Г л а в а д в а д ц а т ь в т о р а я, в которой

рассказывается о том, что говорилось в не дошедшей до нас

книге "Ахбар ал-Багдад" на основе сочинения "Мурудж аз-Захаб

ва маадин ал-джавахир", принадлежащей перу несравненного

Абу-л-Хасана Али ибн ал-Хусейна ал-Масуди

Коль весенней порой

Захотят побродяжничать ноги,

Хватит пыли на старой дороге,

На забытой тропе в Марлборо.

Этот путь и не чинят,

Кто же ездит там ныне?

Словно жизненный путь,

Вьется он как-нибудь...

Это лишь направленье,

Наметка пути.

Это просто возможность

Идти да идти.

Г. Т о р о

...Осадок. Или даже не осадок, а тень, думал Шарипов, слегка покачиваясь в такт шагу коня. Всегда. Даже в самые лучшие, самые счастливые минуты, даже когда с Ольгой...

Но все дело в том, чтобы постоянно помнить, что это только осадок. Или тень. Главное - помнить, где свет, а где эта тень, и не менять их местами. Не черное, а только тень на белом. Даже когда тебе трудно. Даже когда тебе очень трудно - знать, что это только тень... Тень, а не ночь...
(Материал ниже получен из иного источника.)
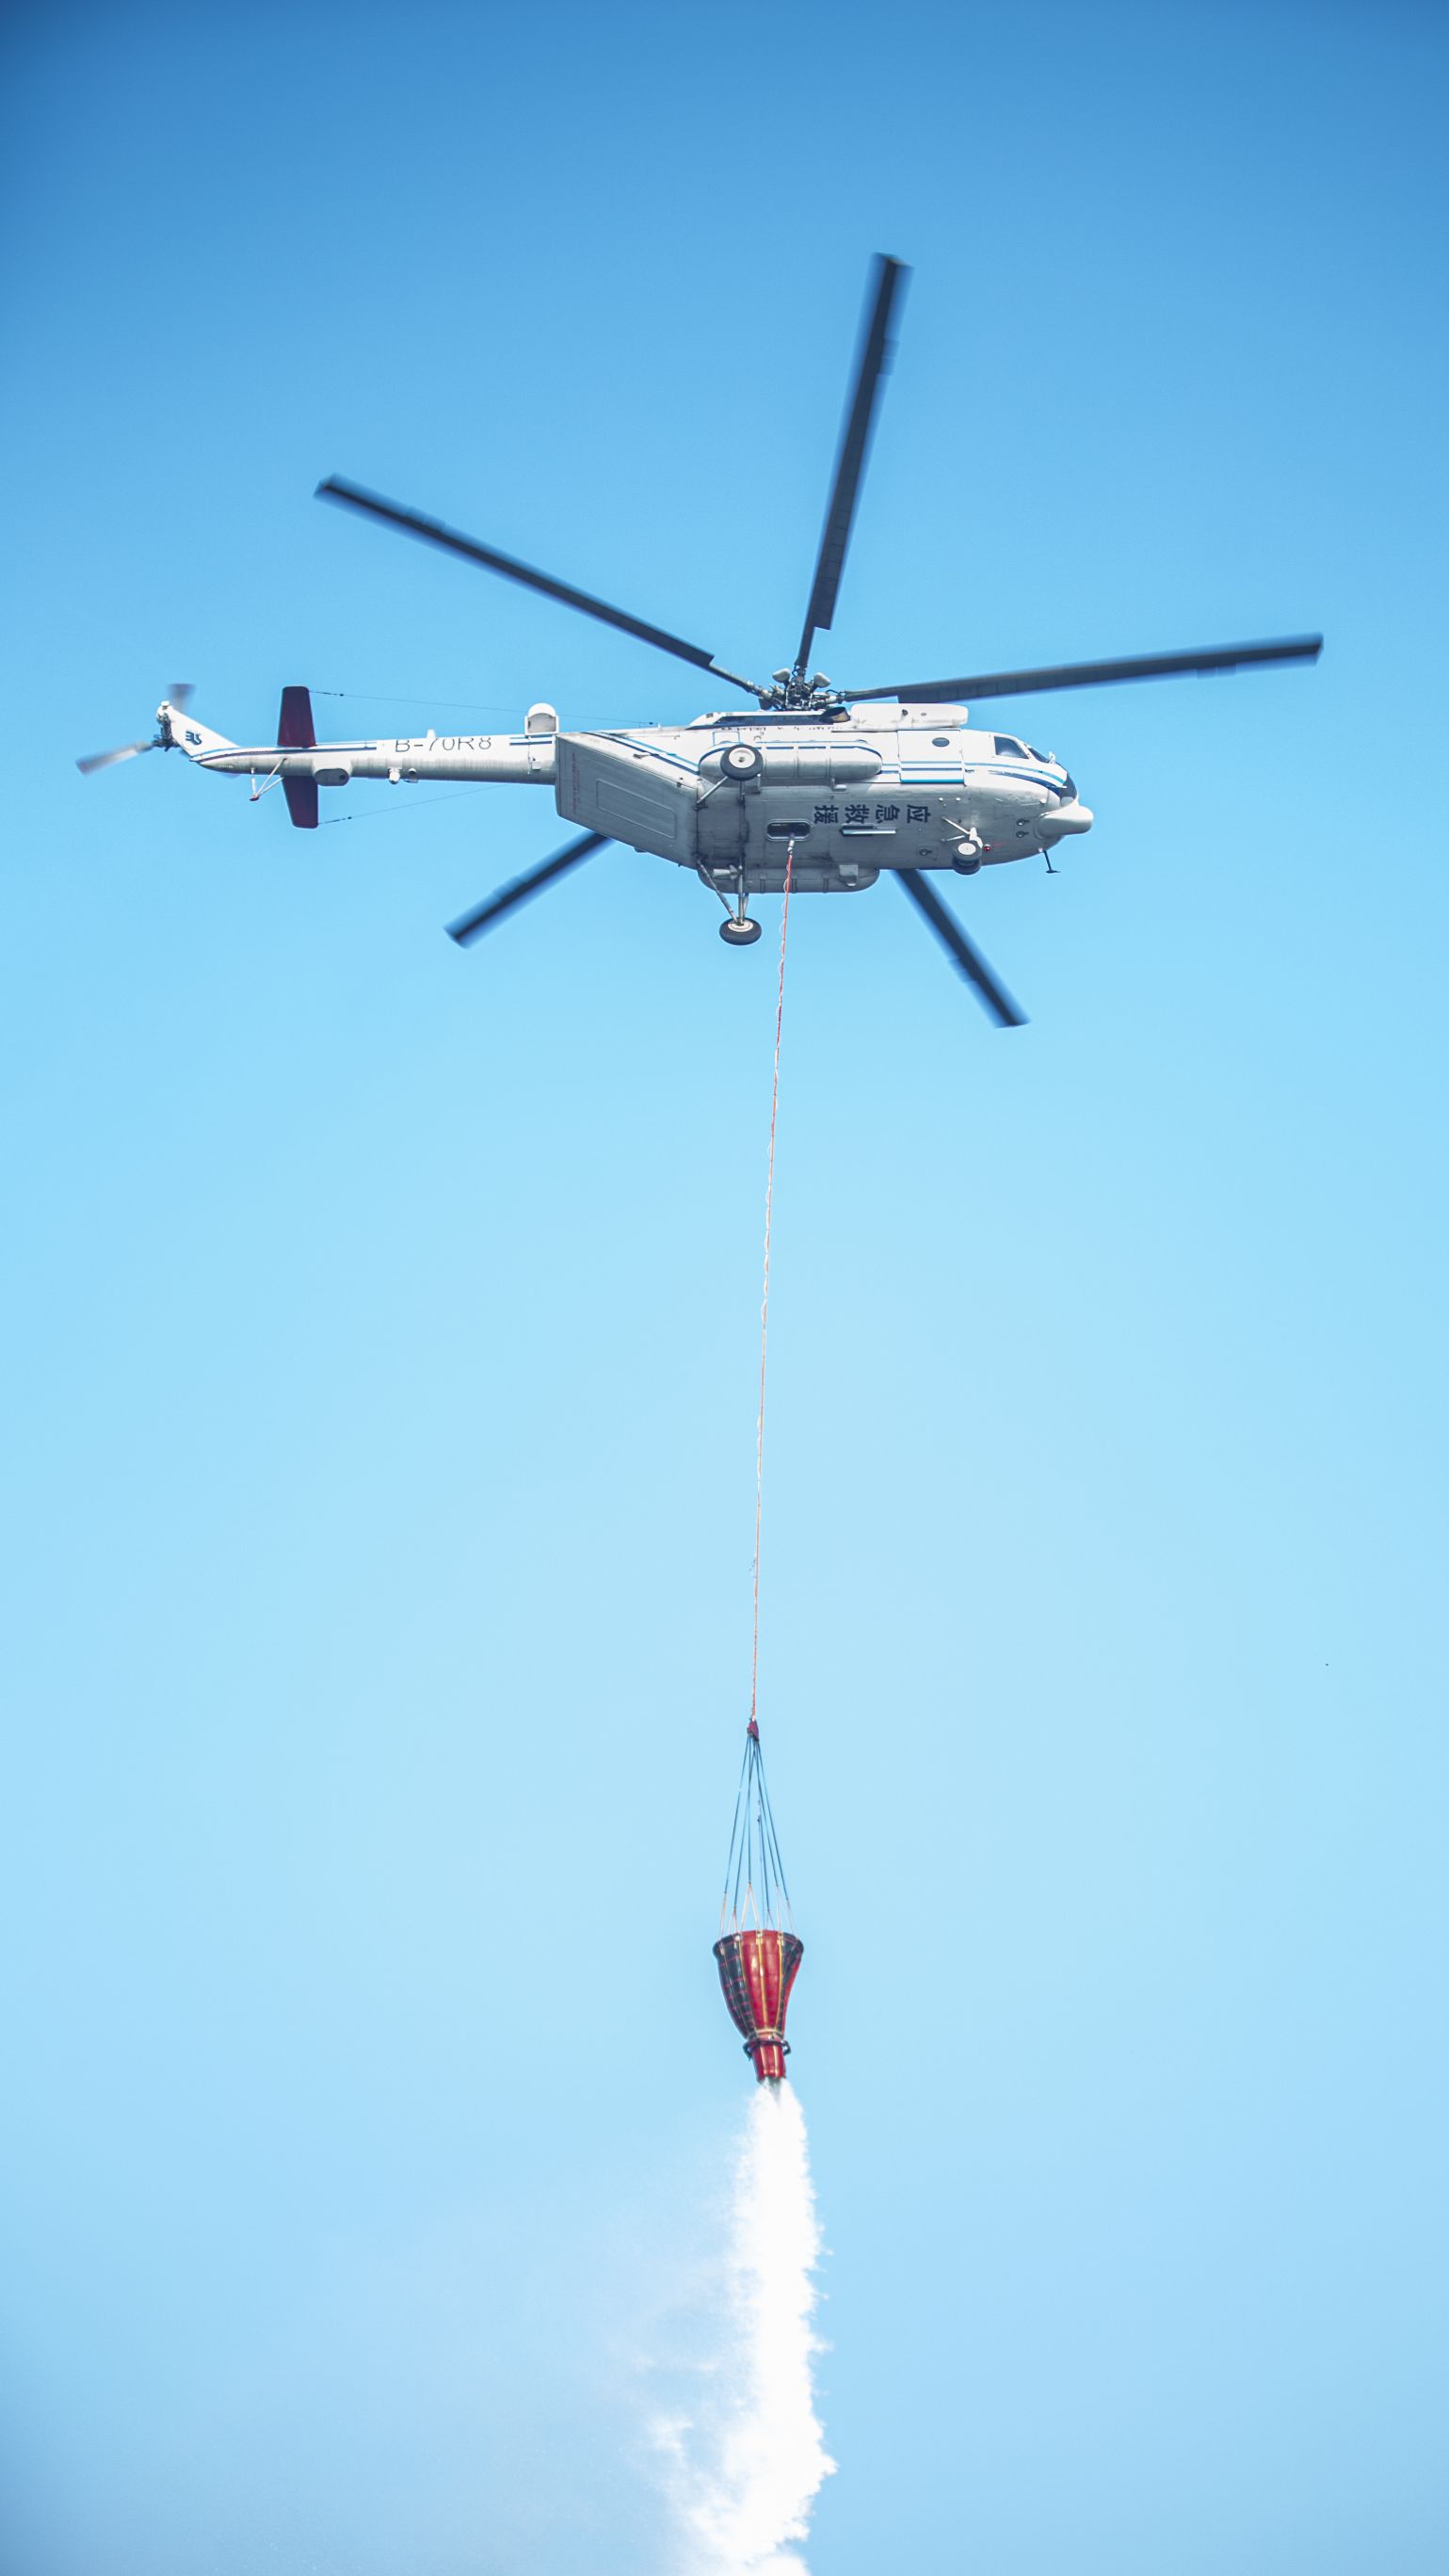 演练直升机吊桶作业科目。成都市应急局供图

Он въехал в кишлак и свернул на боковую узкую улочку. По обе стороны - глиняные заборы - дувалы, глиняные дворы, где из глины дома, хлевы, курятники, очаги, печи - тандуры для выпекания лепешек. Глина. Серая глина и растущие на ней немыслимо красивые деревья в цвету.
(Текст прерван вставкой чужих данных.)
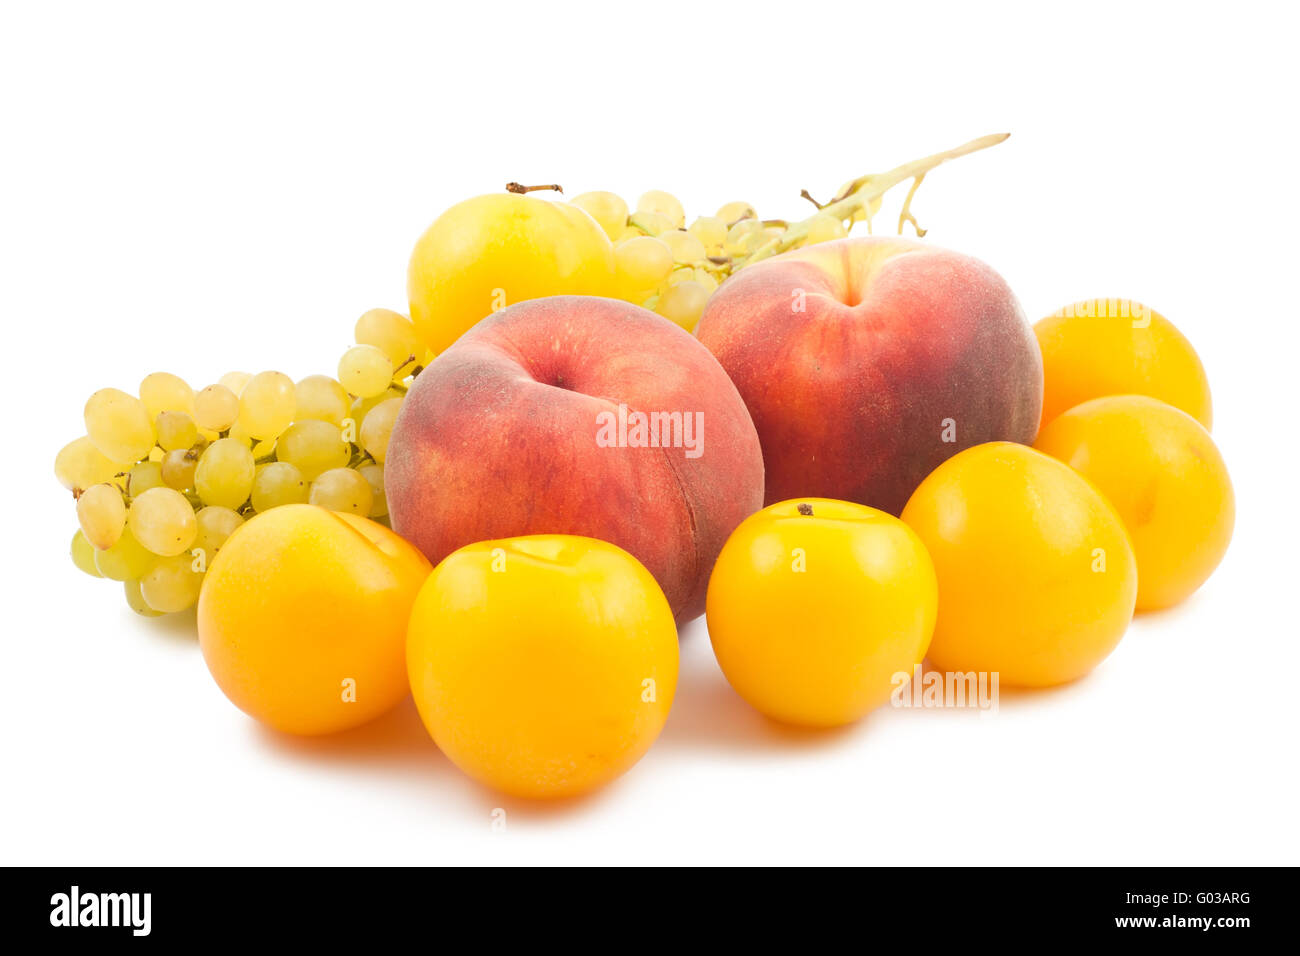 Due le pesche, susine giallo e uva ramo su whi Foto Stock

На этой узкой улочке с трудом разминулись бы два всадника. А навстречу ему ехала кокандская арба с колесами выше человеческого роста. Они легко перевалят через любой арык. Шарипов подтянул повод, слегка свернул вправо и сдавил конские бока каблуками. Конь перемахнул арык и послушно прижался к дувалу.

Возница-арбакеш сидел верхом, упираясь ногами в оглобли. Пожилой таджик в поношенном халате - из прорех клочьями лезла вата, этакий Ходжа Насреддин с умным хитрым лицом, украшенным узкой седой бородой, почему-то свернутой набок.